蒲島前知事「清流守るため信頼関係築き治水対策を」
 川辺川でのダム建設を巡っては、平時から水をためる貯留型として計画されていた08年、蒲島前知事が環境への影響などを理由に白紙撤回を表明。九州豪雨後の20年11月19日、環境負荷が少ないとされる流水型ダムの建設容認を県議会全員協議会で表明し、国に要望した経緯がある。14日に読売新聞の取材に応じた蒲島さんは「清流と生命のどちらも守るという難しい判断で、理解が得られなければ辞任する覚悟だった」と振り返った。

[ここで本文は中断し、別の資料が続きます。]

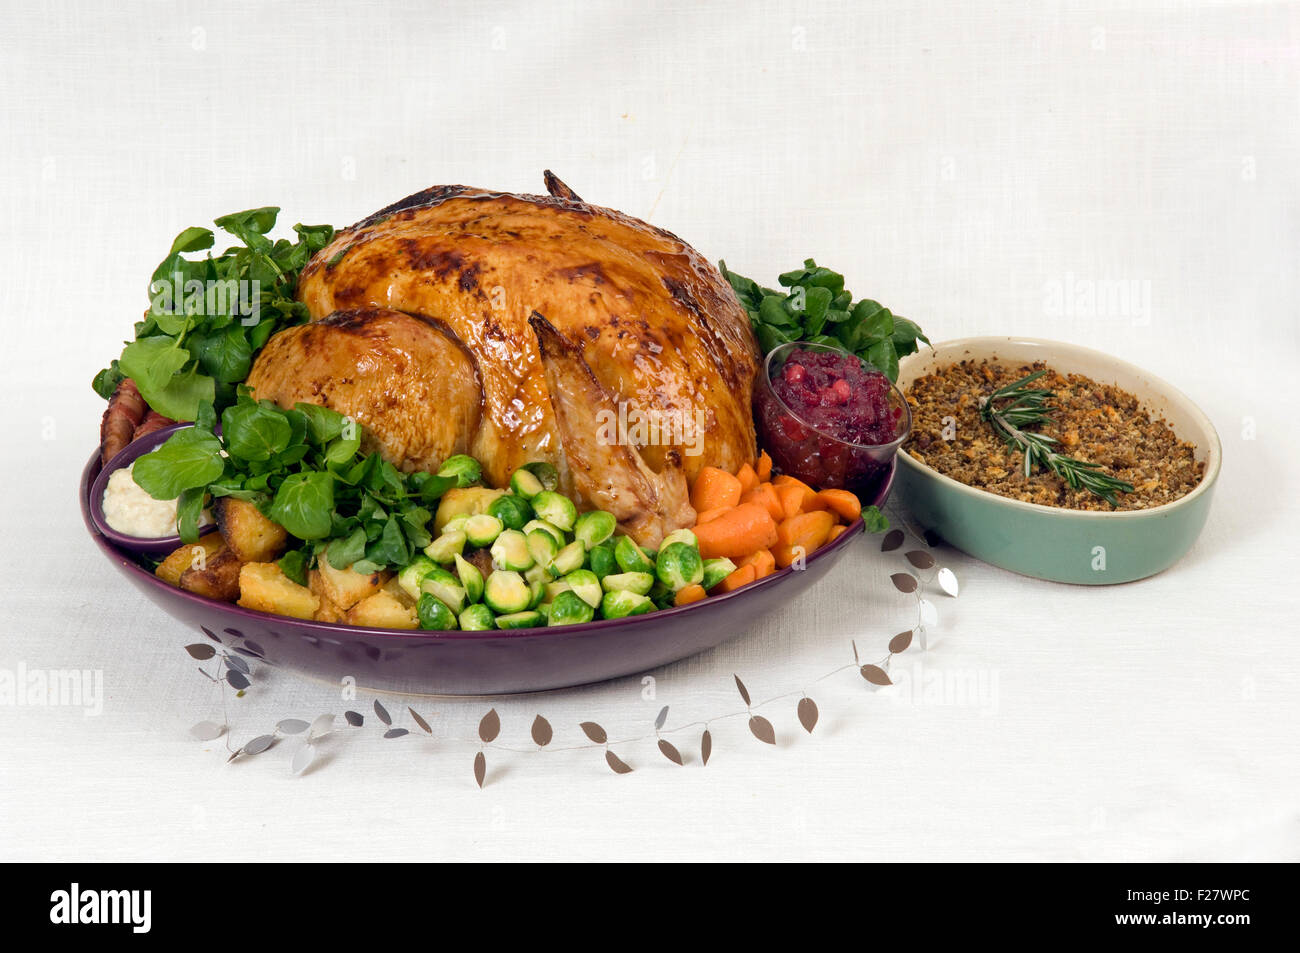 A Christmas roast turkey dinner with roast potatoes, chestnut stuffing, parsnips, cranberry sauce, bread sauce and vegetables.UK Stock Photo
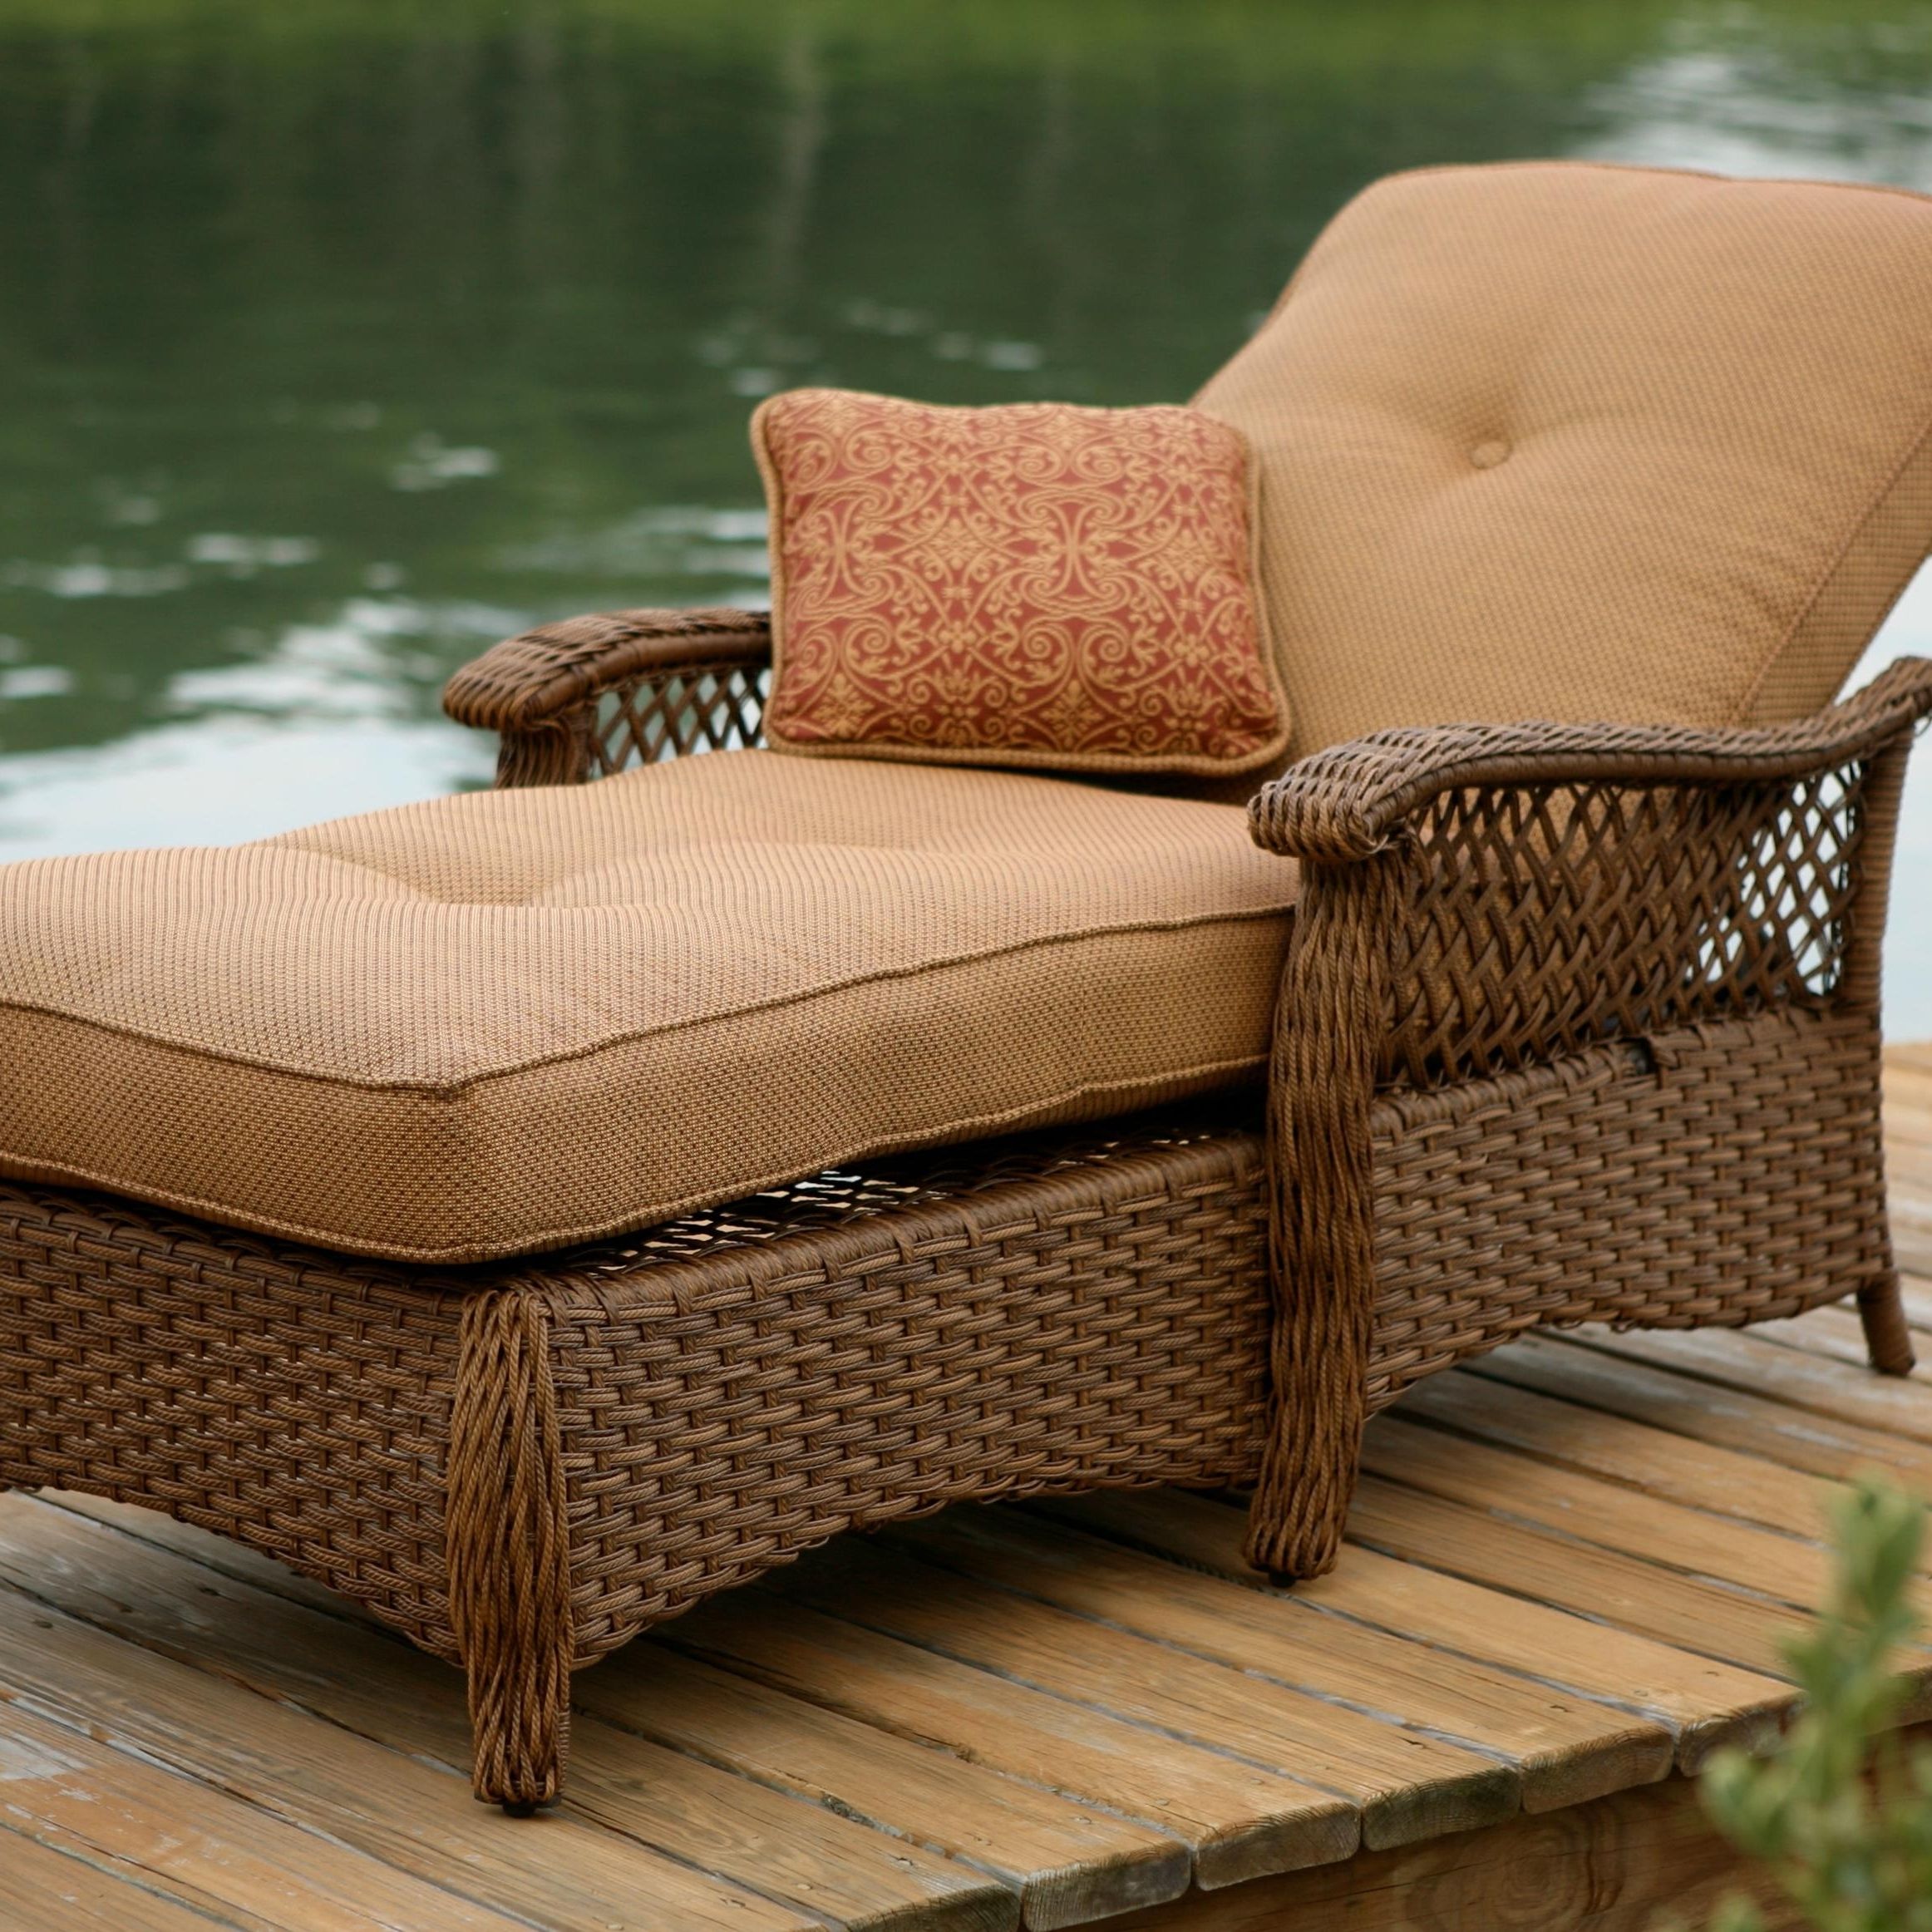 Most Popular Target Outdoor Chaise Lounges In Agio Veranda–agio Outdoor Tan Woven Chaise Lounge Chair With Seat (View 4 of 15)

 国や県などは、ダム建設といったハード面の施策と、防災訓練などソフト面の対策を組み合わせ、流域の自治体や住民らがともに減災を目指す「流域治水」を推進している。球磨川などでは、川底を深くして流量を増やす河道掘削を実施しており、進捗率は28%(9月末時点)。宅地のかさ上げや遊水地の整備、一時的に雨水をためる「田んぼダム」などの取り組みも進む。

 蒲島さんは「決断してくれた漁業者の生活もかかっている事業。国は今後も清流を守っていくためにも話し合いを重ね、信頼関係を築きながら治水対策を進めてほしい」と願った。